GIVEN DATA.
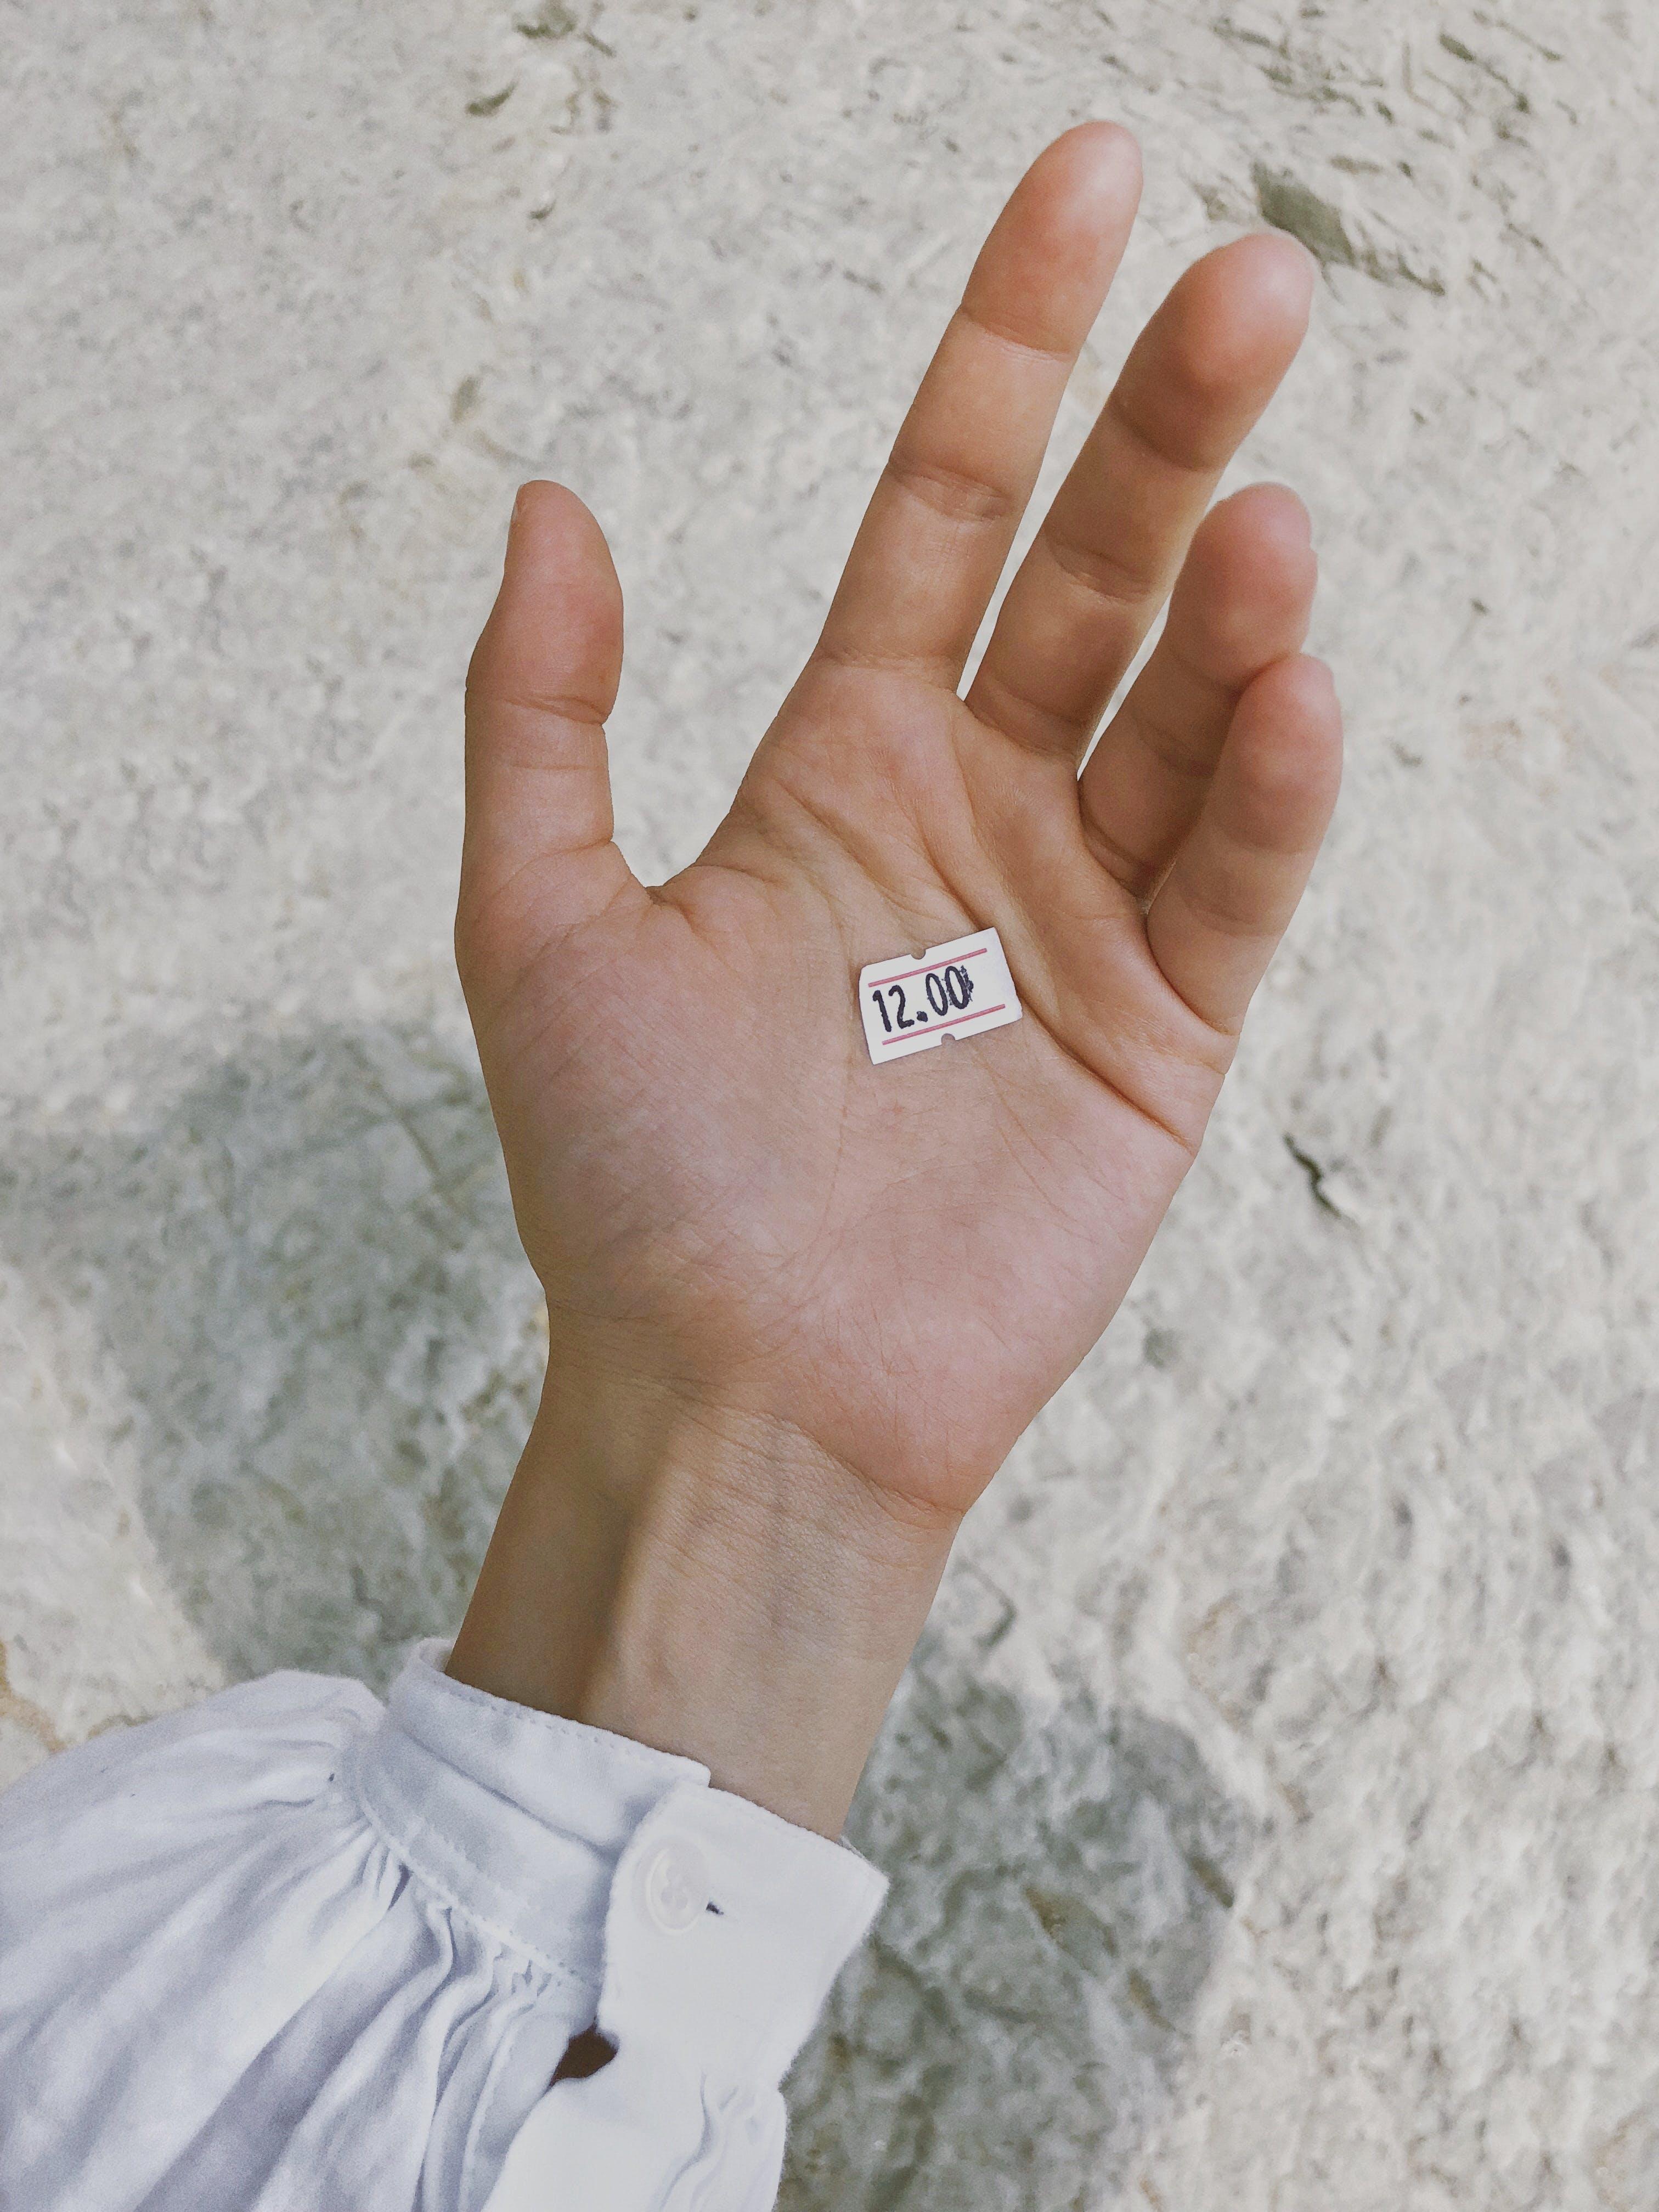 White Price Tag on Human Palm
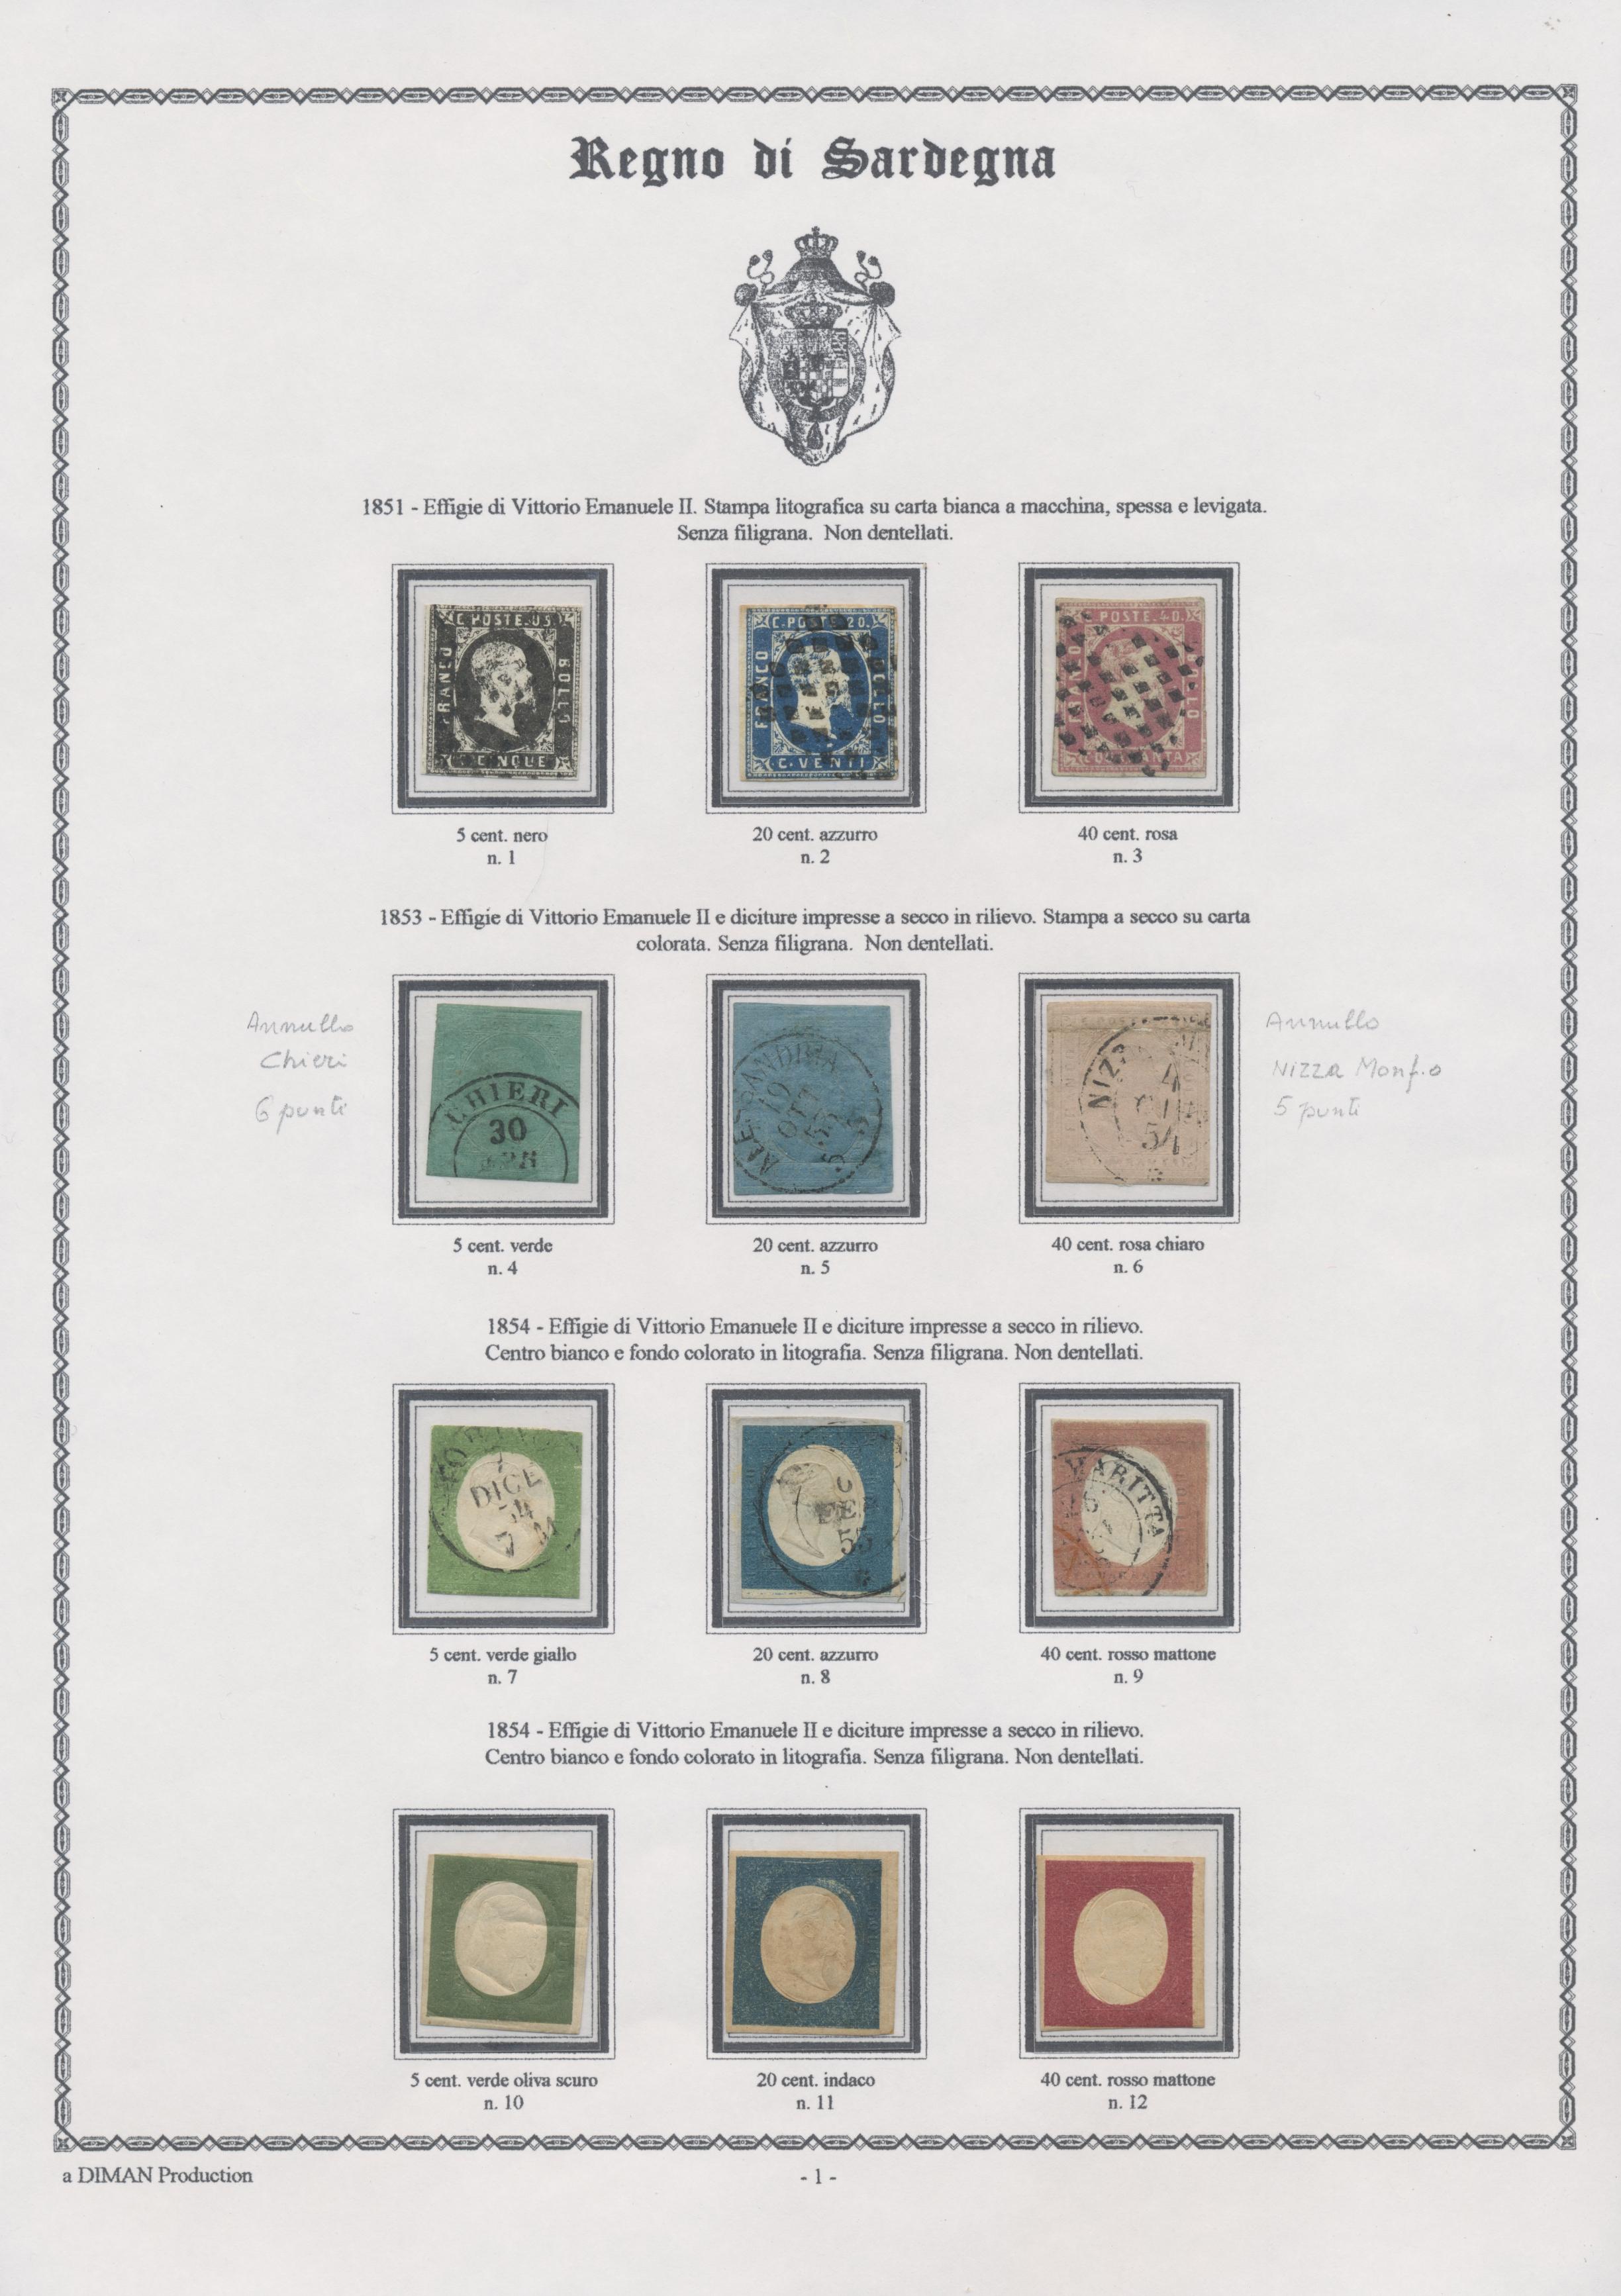 Colorati D Azzurro Chiaro stamp auction - italien - altitalienische staaten: sardinien
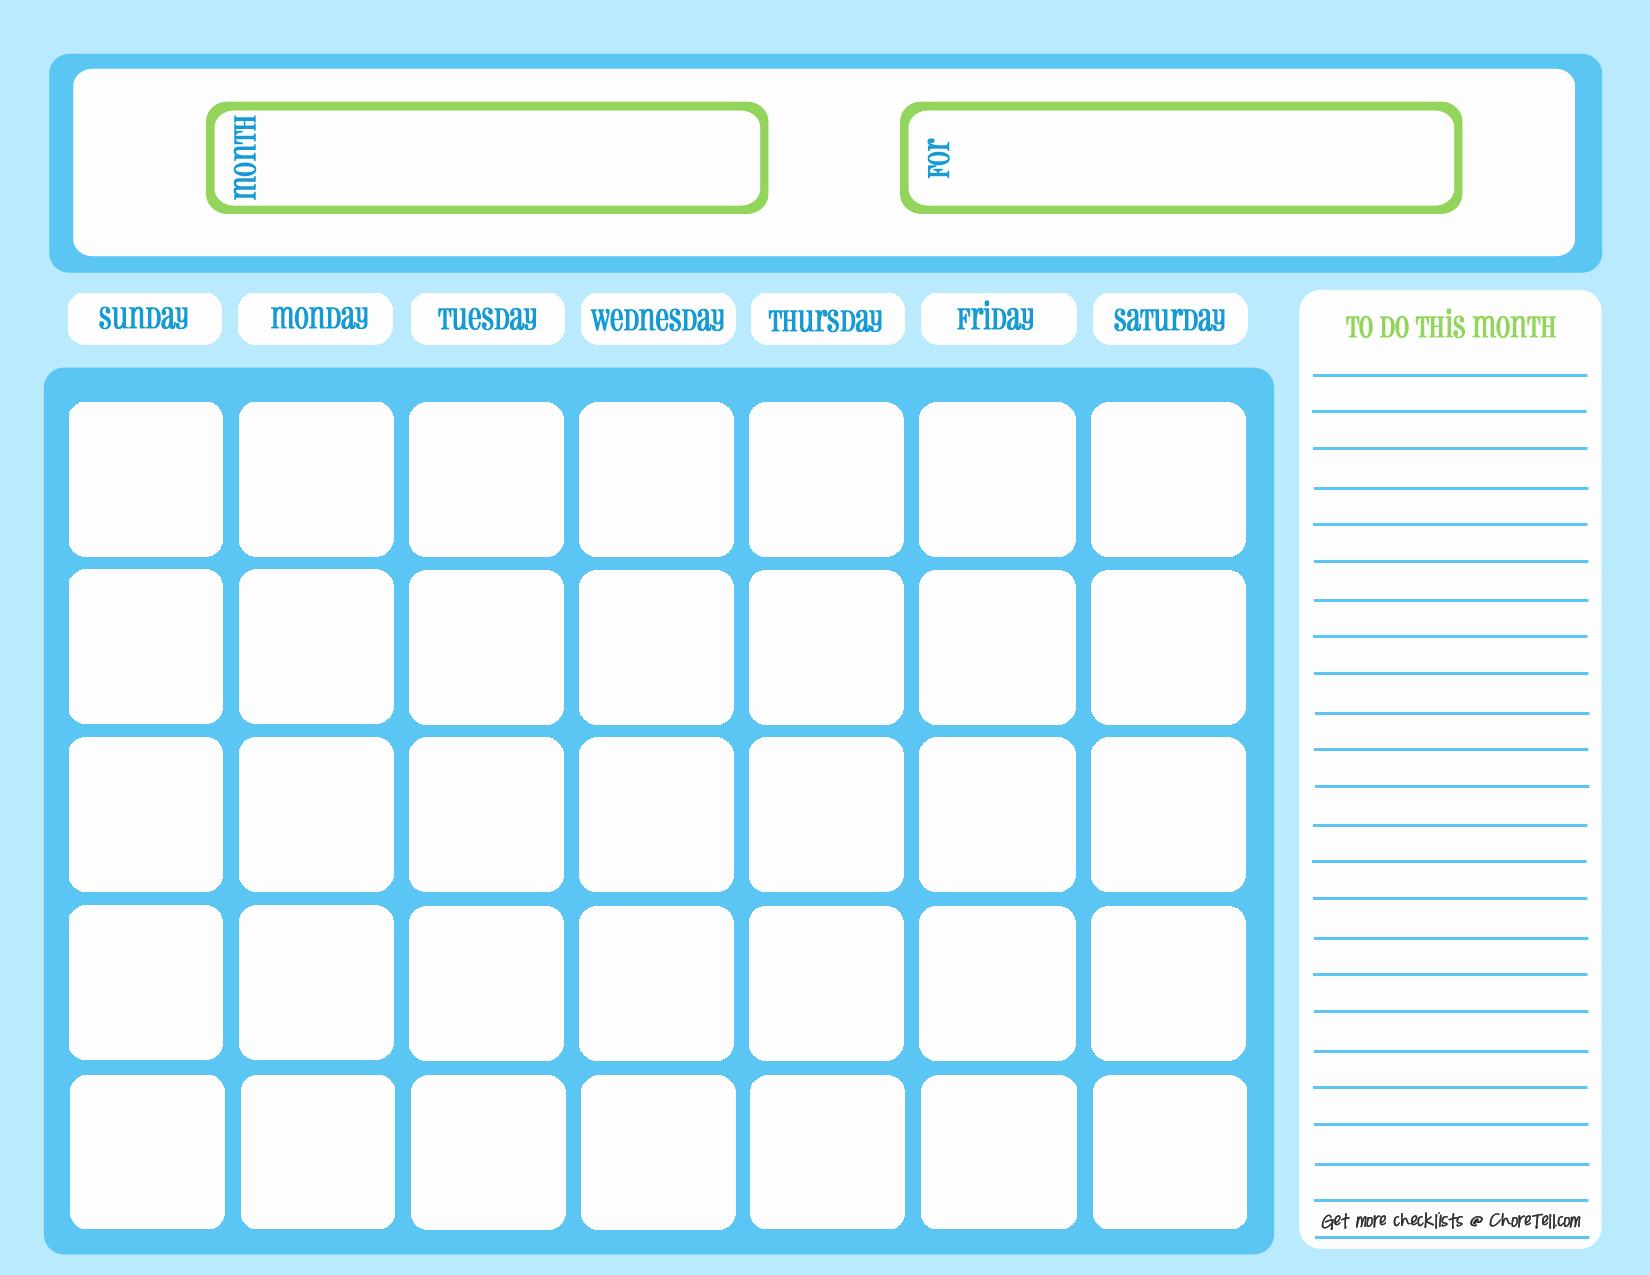 Monthly Chore Chart Template Lovely Blank Chore Calendar Blue On Light Blue

ACTION ITEM.
Please return the full listing exactly as given, with the images left out.

TASK SOLUTION.
 White Price Tag on Human Palm
 Colorati D Azzurro Chiaro stamp auction - italien - altitalienische staaten: sardinien
 Monthly Chore Chart Template Lovely Blank Chore Calendar Blue On Light Blue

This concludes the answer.